Task directions: Please, without any pictures, transcribe the lines from the one holding "2000px-Schueco_logo.svg" to the end of the listing, both ends included.

Information provided:
▬▬▬▬▬▬
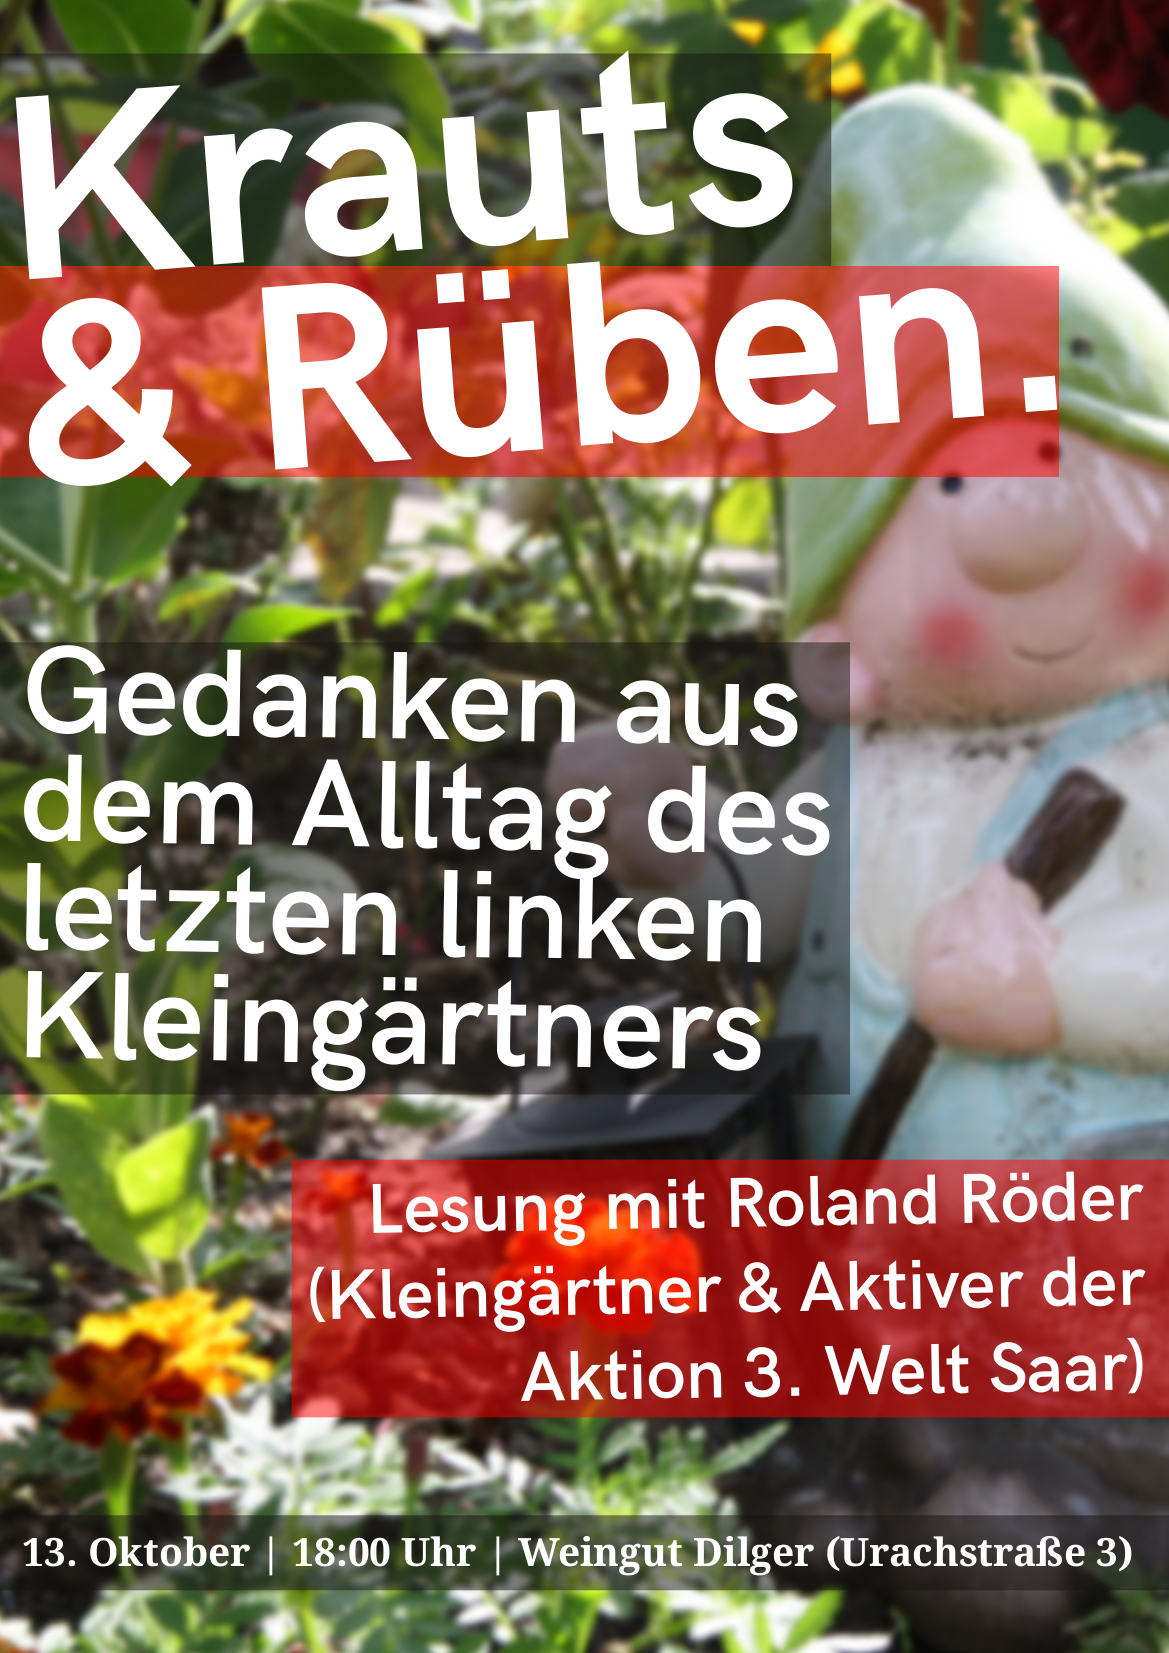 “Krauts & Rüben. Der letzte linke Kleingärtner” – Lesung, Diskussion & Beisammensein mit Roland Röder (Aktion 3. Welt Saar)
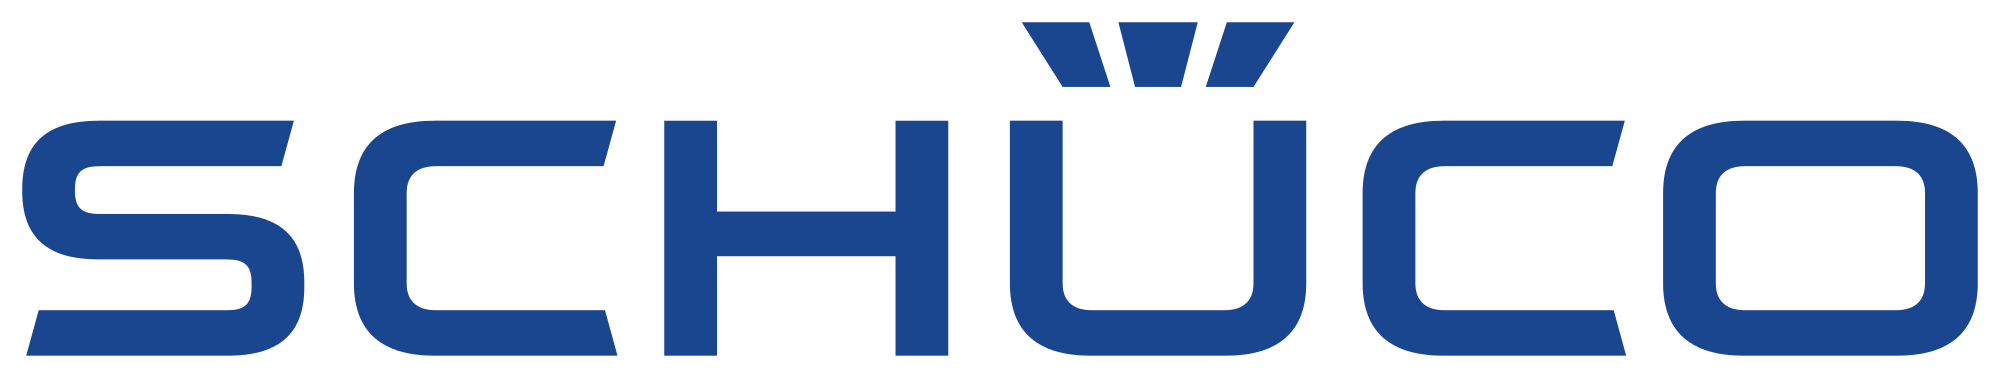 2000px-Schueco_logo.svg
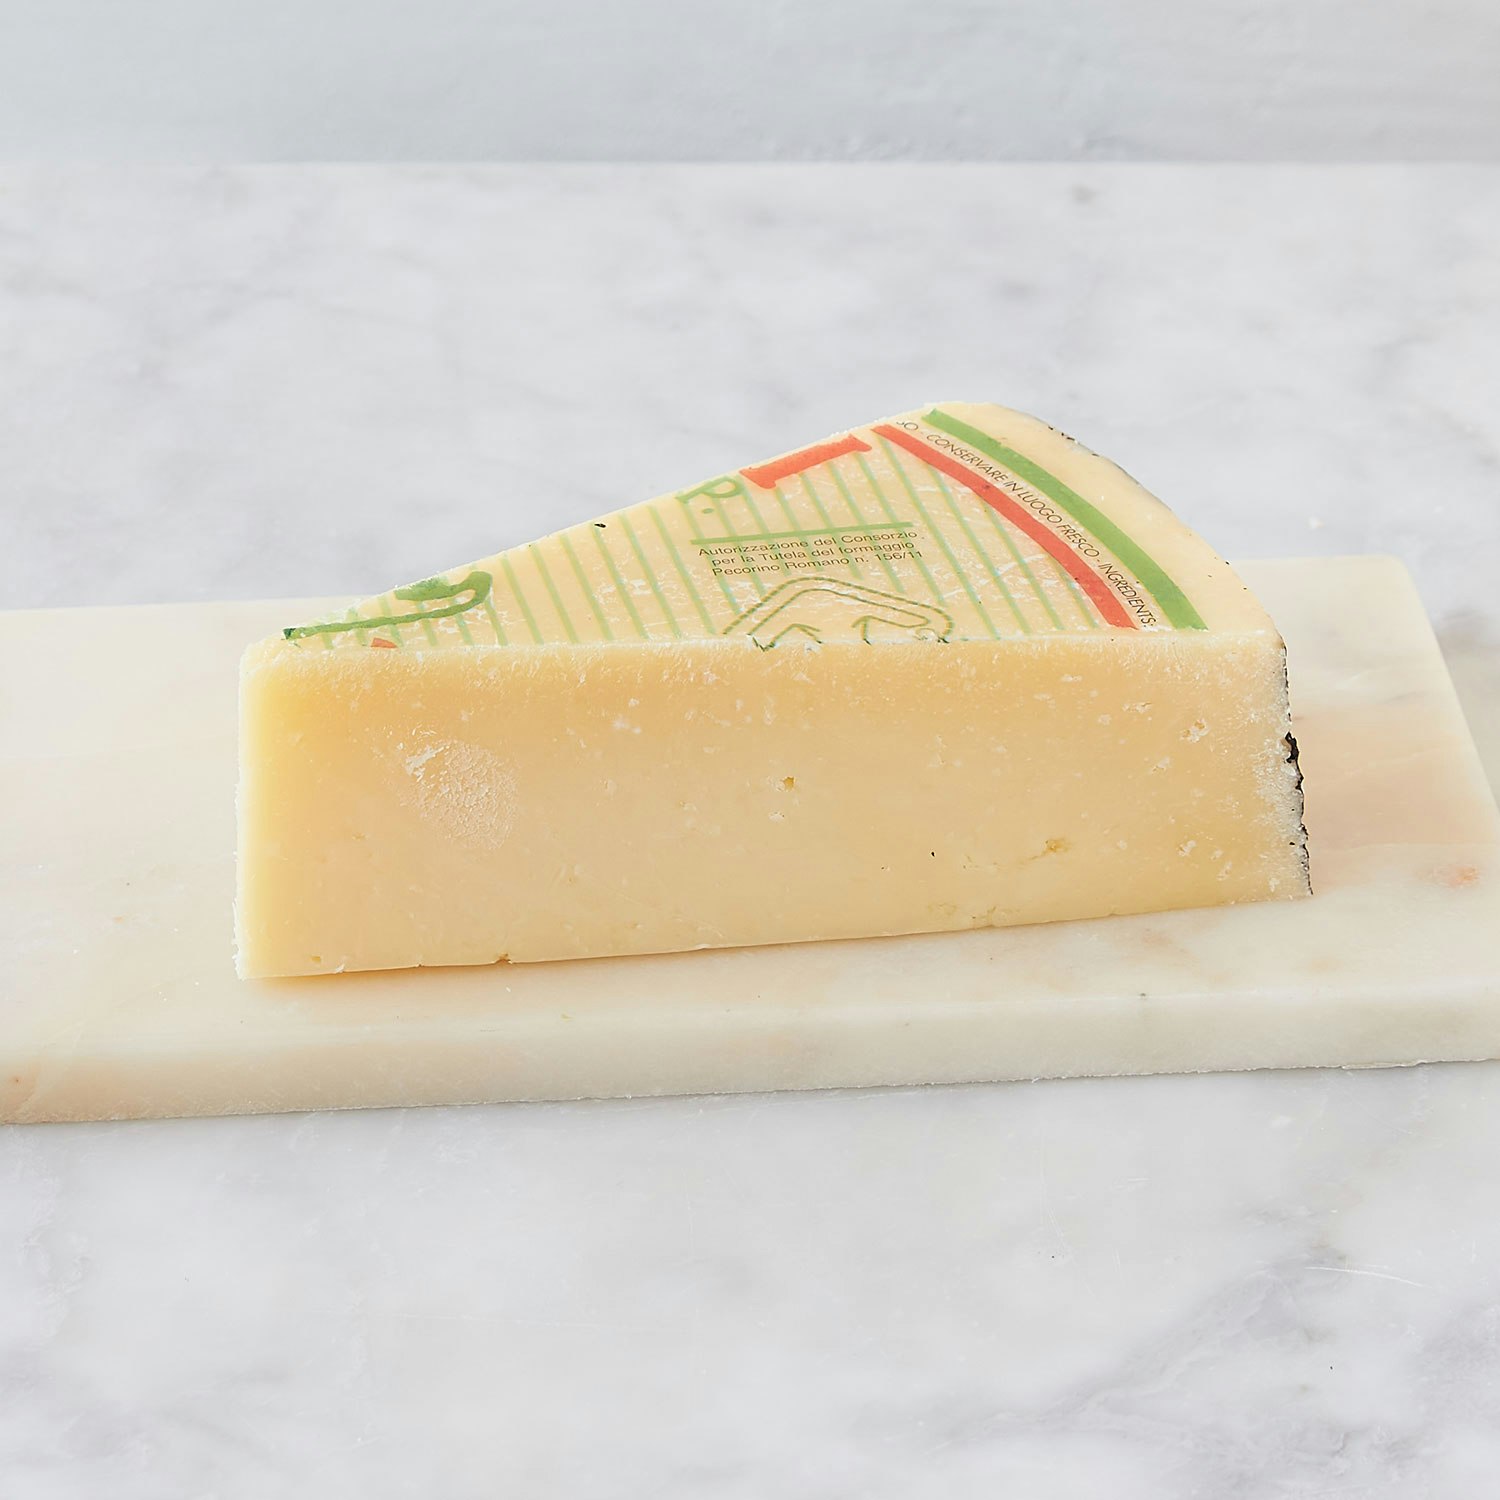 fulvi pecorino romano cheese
▬▬▬▬▬▬
Your response:
 2000px-Schueco_logo.svg
 fulvi pecorino romano cheese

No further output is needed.